Well, not a tweak but a general idea: recursion works particularly
well with functions that have simple value parameters and return useful
results. In fact, that pattern can be grown into a whole methodology
of programming.

Since the interface of itoa is fixed, you need a helper function. The
trick is thinking up the most helpful function you can imagine. Often
that function can then be written in terms of itself and the desired
function becomes a simple call of it with a little extra
house-keeping. For example:

Given 'char *aux_itoa(int n, char *s);' that takes a positive 'n',
puts the character representation of 'n' into 's' and returns a pointer
to the end of that representation, could you write both itoa and also
aux_itoa?

M

#### Martin

Here is my 1st attempt at the solution for K&R2 Exercise 4-12:

void itoa(int n, char *s)
{

if (n < 0)
{
*s++ = '-';
n = -n;
}

if( n/10 > 0 )
itoa( n/10, s );

*s++ = n%10 + '0';
*s = 0;
}

Any comments on Tondo & Gimpel's solution, in THE C ANSWER BOOK?

#include <math.h>

/* itoa: convert n to characters in s; recursive */
void itoa(int n, char s[])
{
static int i;

if ( n / 10 )
itoa(n / 10, s);
else {
i = 0;
if (n < 0)
s[i++] = '-';
}
s[i++] = abs(n) % 10 + '0';
s = '0';
}

F

#### Flash Gordon

Martin wrote, On 15/04/08 13:44:

Any comments on Tondo & Gimpel's solution, in THE C ANSWER BOOK?
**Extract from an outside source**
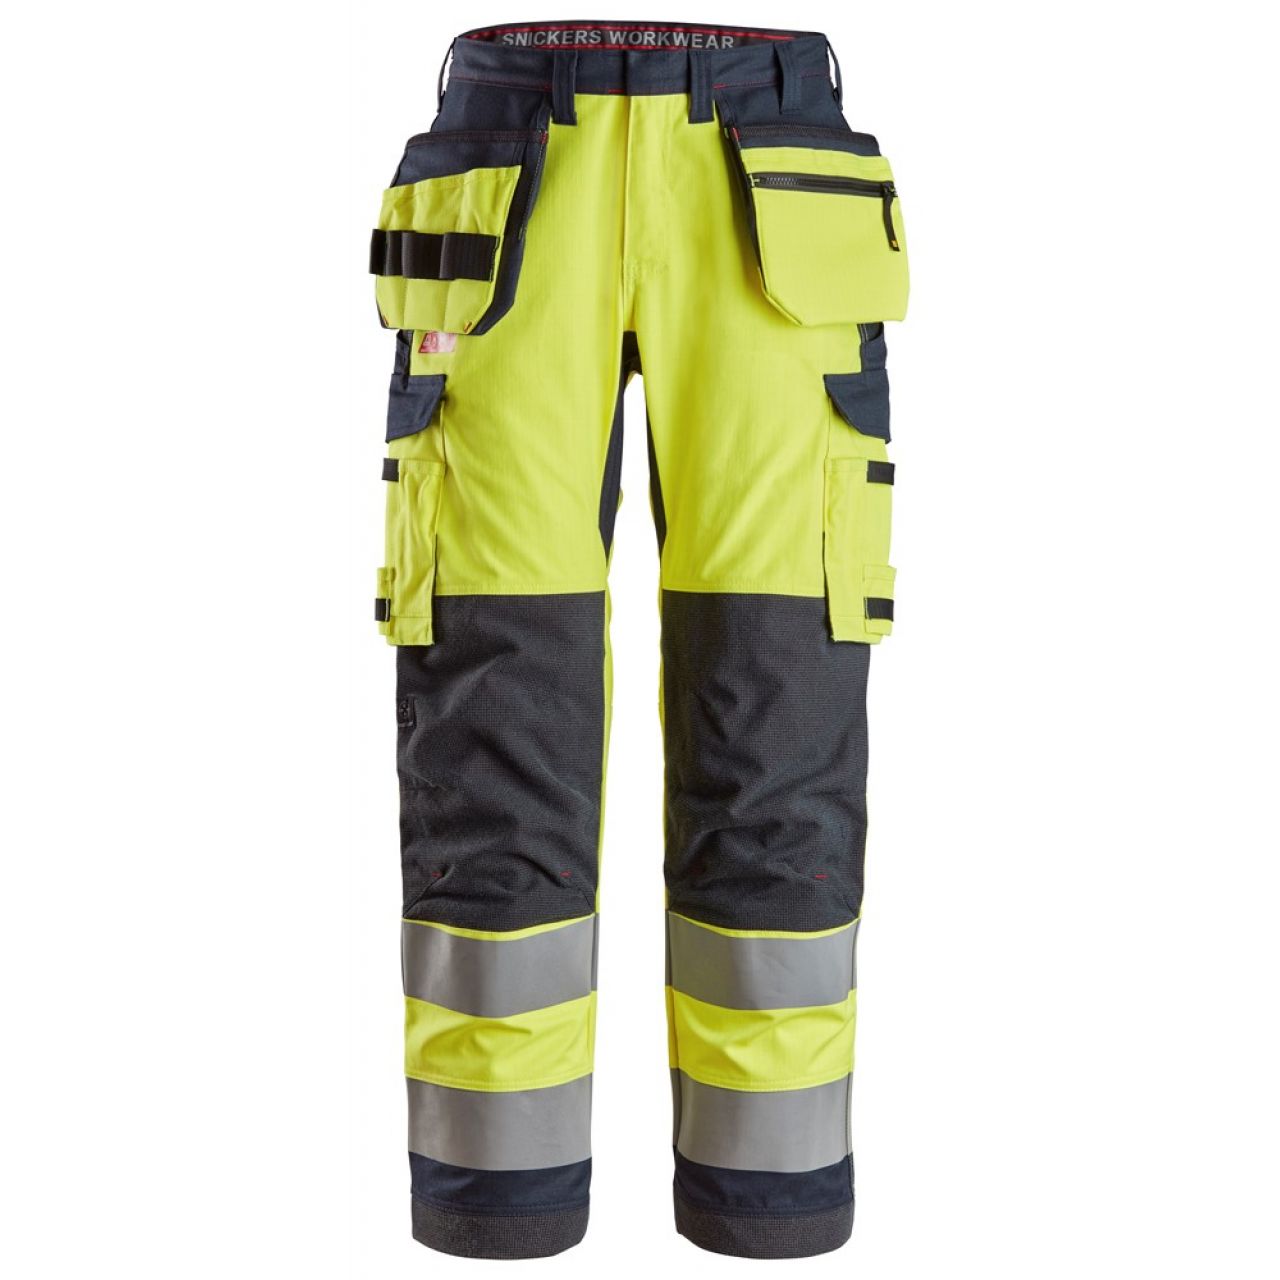 6261 Pantalones largos de trabajo de alta visibilidad clase 2 con bolsillos flotantes simétricos ProtecWork amarillo-azul marino talla 146
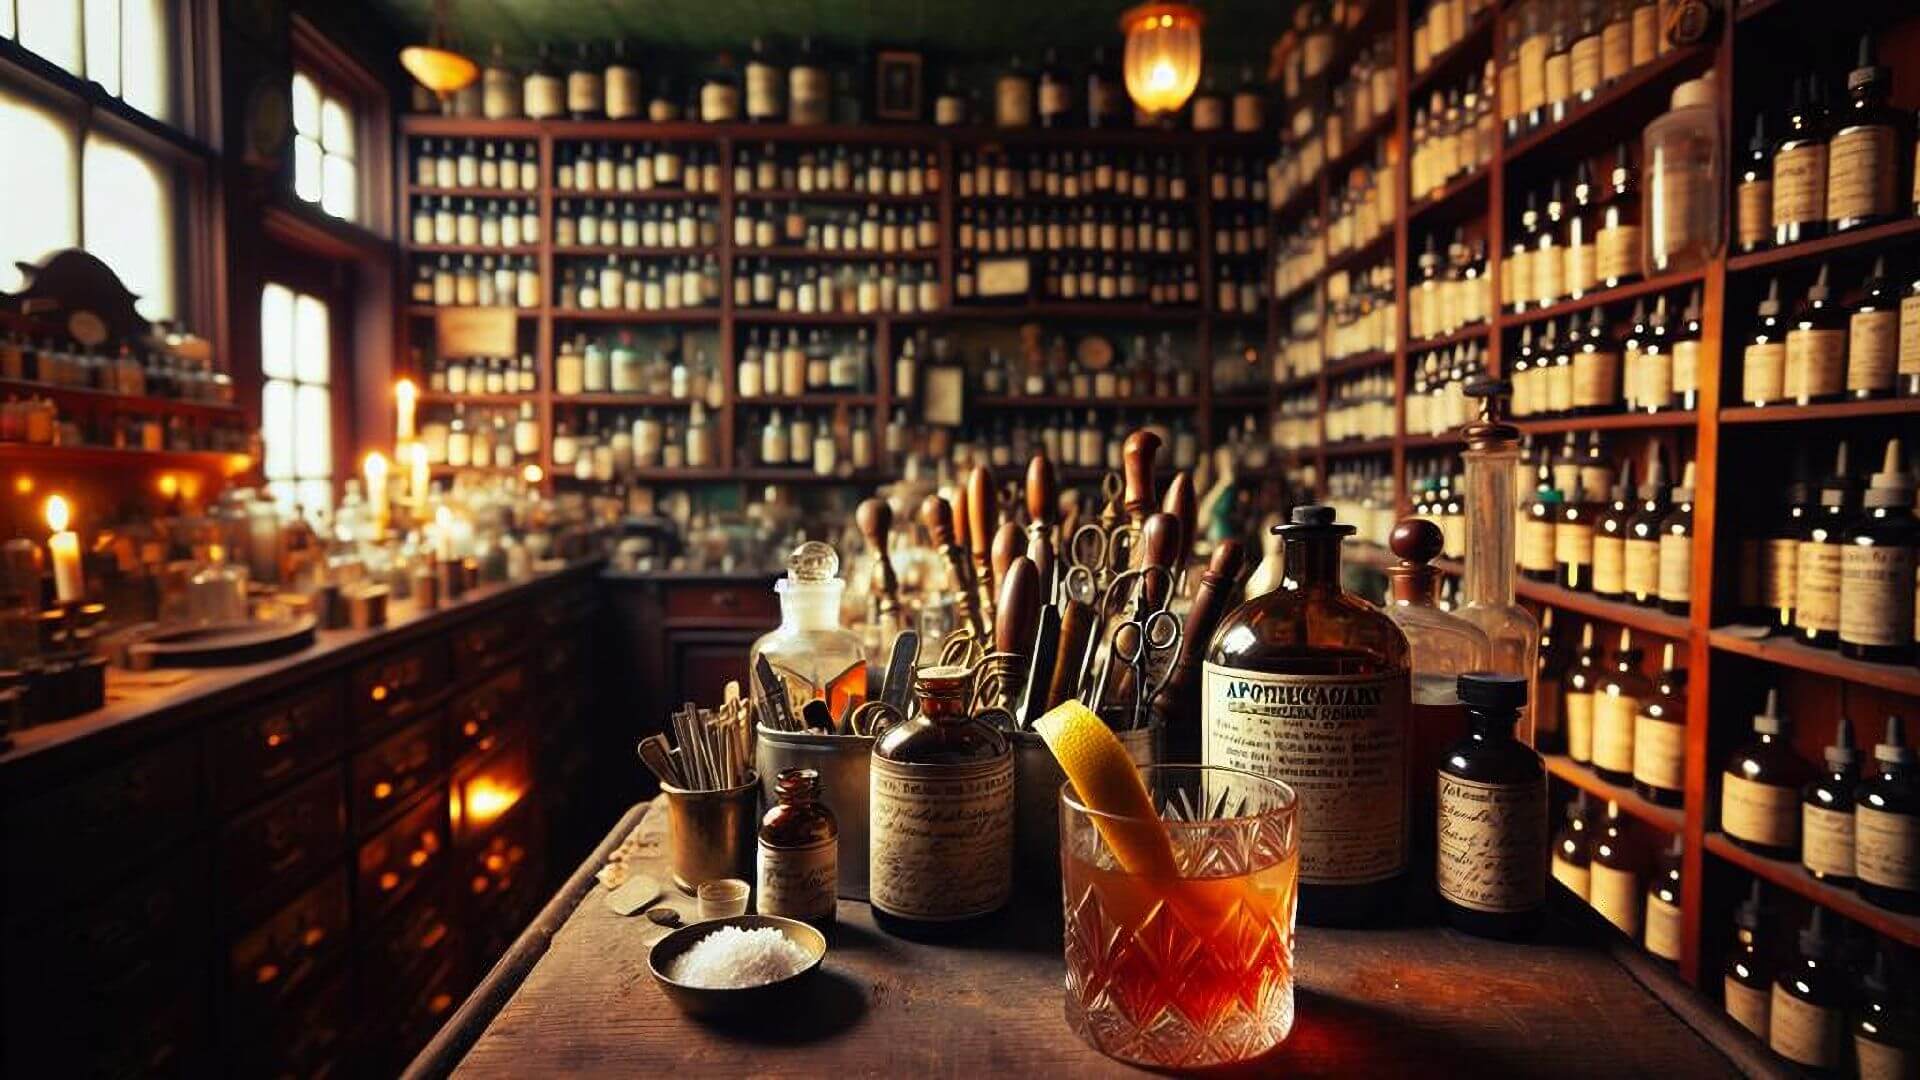 A Sazerac cocktail on a counter inside a rustic apothecary shop

If you have correctly presented it, then it is not very good.
#include <math.h>

This header is not needed.
/* itoa: convert n to characters in s; recursive */
void itoa(int n, char s[])
{
static int i;

if ( n / 10 )
itoa(n / 10, s);
else {
i = 0;
if (n < 0)
s[i++] = '-';
}
s[i++] = abs(n) % 10 + '0';

For abs you should include stdlib.h
s = '0';
}

Now try running it with the following main function calling it...

int main(void)
{
char s1[]="abcdef",s2[]="ghijk";
itoa(1,s1);
itoa(2,s2);
printf("1='%s' 2='%s'\n",s1,s2);
return 0;
}

Then try reading the code and see if you can find the error.

P

#### Peter Nilsson

Lax said:
Here is my 1st attempt at the solution for K&R2 Exercise 4-12:

void itoa(int n, char *s)
My quesiton is, does anyone know of a solution that doesn't require
the introduction of a static duration variable? Something like a small
modifcation to my first attempt?

Google comp.lang.c for itoa. This is not the first time the function
has been discussed.

B

#### Bartc

Martin said:
Here is my 1st attempt at the solution for K&R2 Exercise 4-12:

void itoa(int n, char *s)
{

if (n < 0)
{
*s++ = '-';
n = -n;
}

if( n/10 > 0 )
itoa( n/10, s );

*s++ = n%10 + '0';
*s = 0;
}

Any comments on Tondo & Gimpel's solution, in THE C ANSWER BOOK?

#include <math.h>

/* itoa: convert n to characters in s; recursive */
void itoa(int n, char s[])
{
static int i;

The OP wanted something without a 'static duration variable'.

-- Bartc

U

#### user923005

Any comments on Tondo & Gimpel's solution, in THE C ANSWER BOOK?
#include <math.h>
/* itoa: convert n to characters in s; recursive */
void itoa(int n, char s[])
{
static int i;

The OP wanted something without a 'static duration variable'.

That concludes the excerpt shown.